William Hague has spoken of his "deep disappointment" after a ground-breaking UN treaty that would regulate the international arms trade was blocked by Iran, Syria and North Korea.
The three nations refused to ratify the treaty at a meeting in New York.
It had required agreement by all 193 UN member states.
For more than a decade, activists and some governments have been pushing for international rules to regulate the estimated £40bn global arms trade and try to keep illicit weapons out of the hands of terrorists, insurgent fighters and organised crime.
After two weeks of intensive negotiations, many delegates had been optimistic that consensus - which doesn't require a vote - by all states was within reach.
Both Iran and North Korea are under UN arms embargoes over their nuclear programmes, while Syria is in the third year of a conflict that has escalated to civil war.
Amnesty International said all three countries "have abysmal human rights records - having even used arms against their own citizens".
But the British Foreign Secretary said he was determined to find a resolution.
Mr Hague said: "I am deeply disappointed that the negotiations on an Arms Trade Treaty closed today without consensus.
"After seven years of intensive work, the international community had never had a better chance to agree a global, legally binding treaty that would make the world a safer place.
"The UK has played a leading role and spared no effort to secure a treaty which would be both strong and globally applied, based on consensus.
"We have come very close. It is disappointing that three countries blocked the historic agreement that lay within our reach."
The Arms Trade Treaty would be the first international, legally binding treaty setting controls on the transfers of weapons, Mr Hague said, and would ban sales of weapons that would be used for genocide or war crimes.

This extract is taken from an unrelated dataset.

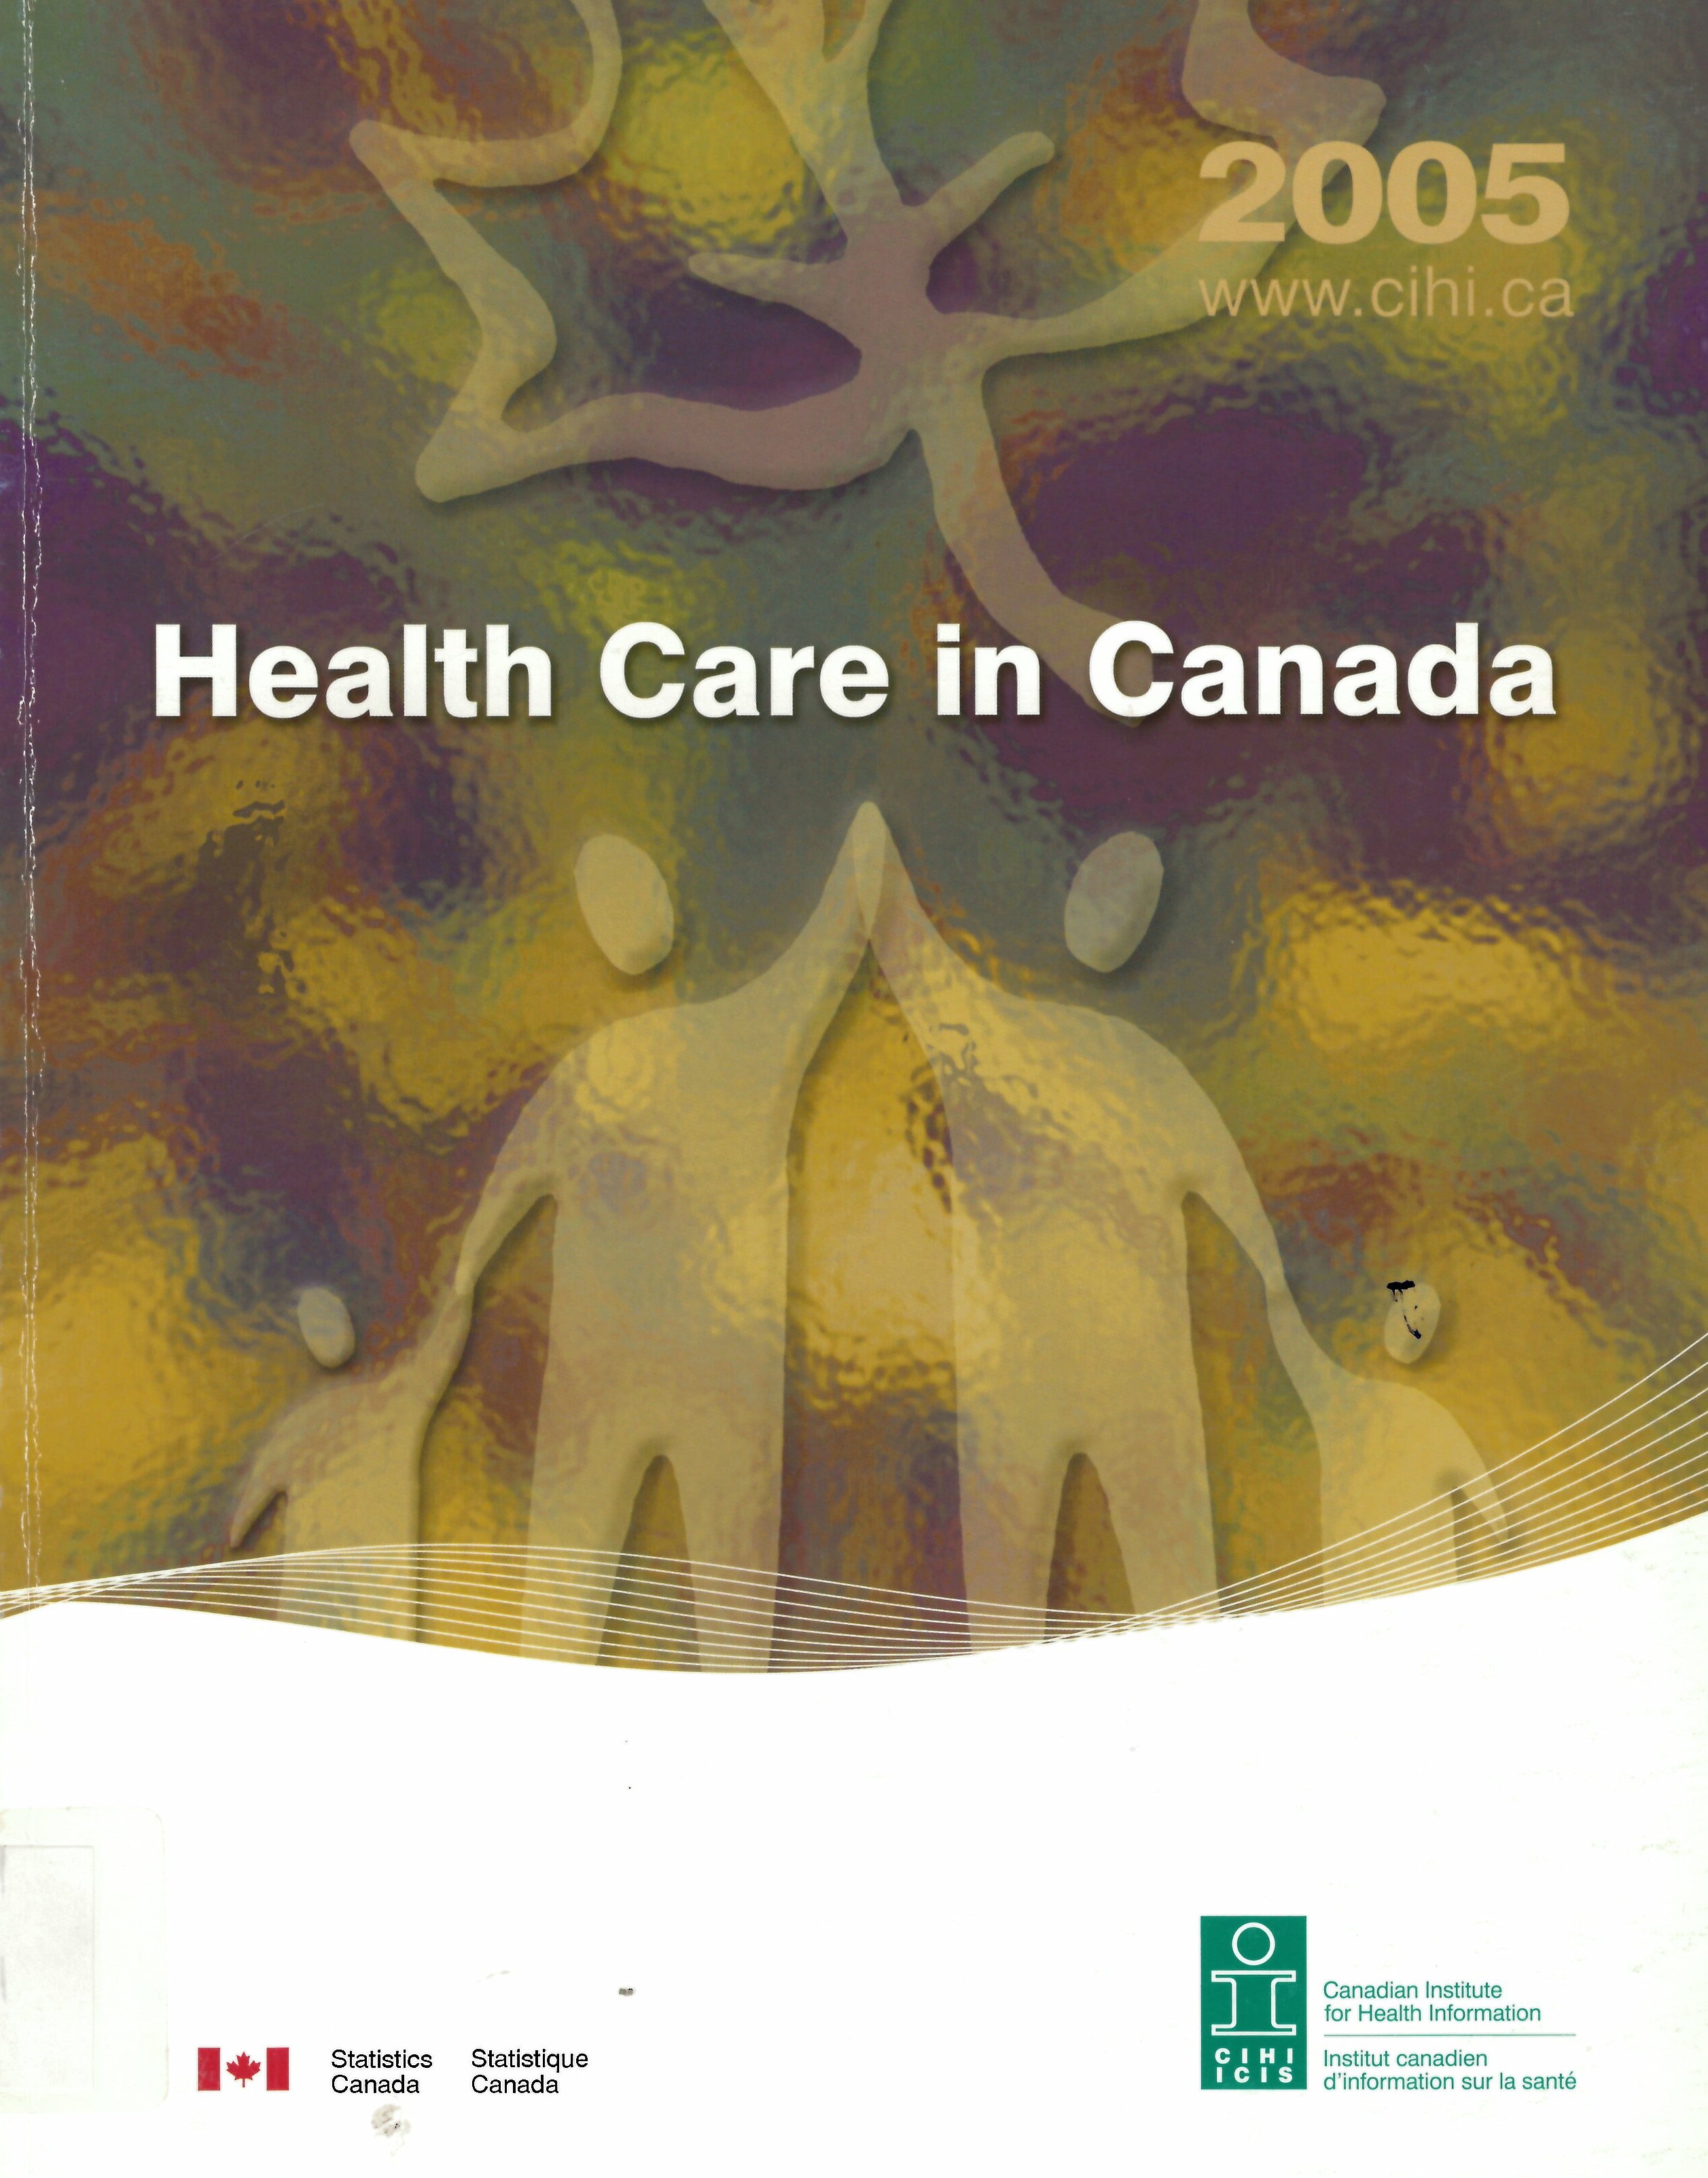 Health care in Canada

Arms brokering would also be regulated, protecting legitimate trade.
He added: "This treaty is too important for us to let it end here. The overwhelming majority of the international community want this Treaty and we are determined to take it forward."
Other countries also refused to let the treaty die.
Mexico proposed that the UN conference go ahead and adopt the treaty without the support of the three dissenting countries, saying there was no definition of "consensus". Several countries supported the idea, but the Russian delegation objected.
Jo Adamson, the British ambassador to the UN Conference on Disarmament, struck a hopeful note. "This is not failure," she said. "Today is success deferred, and deferred by not very long."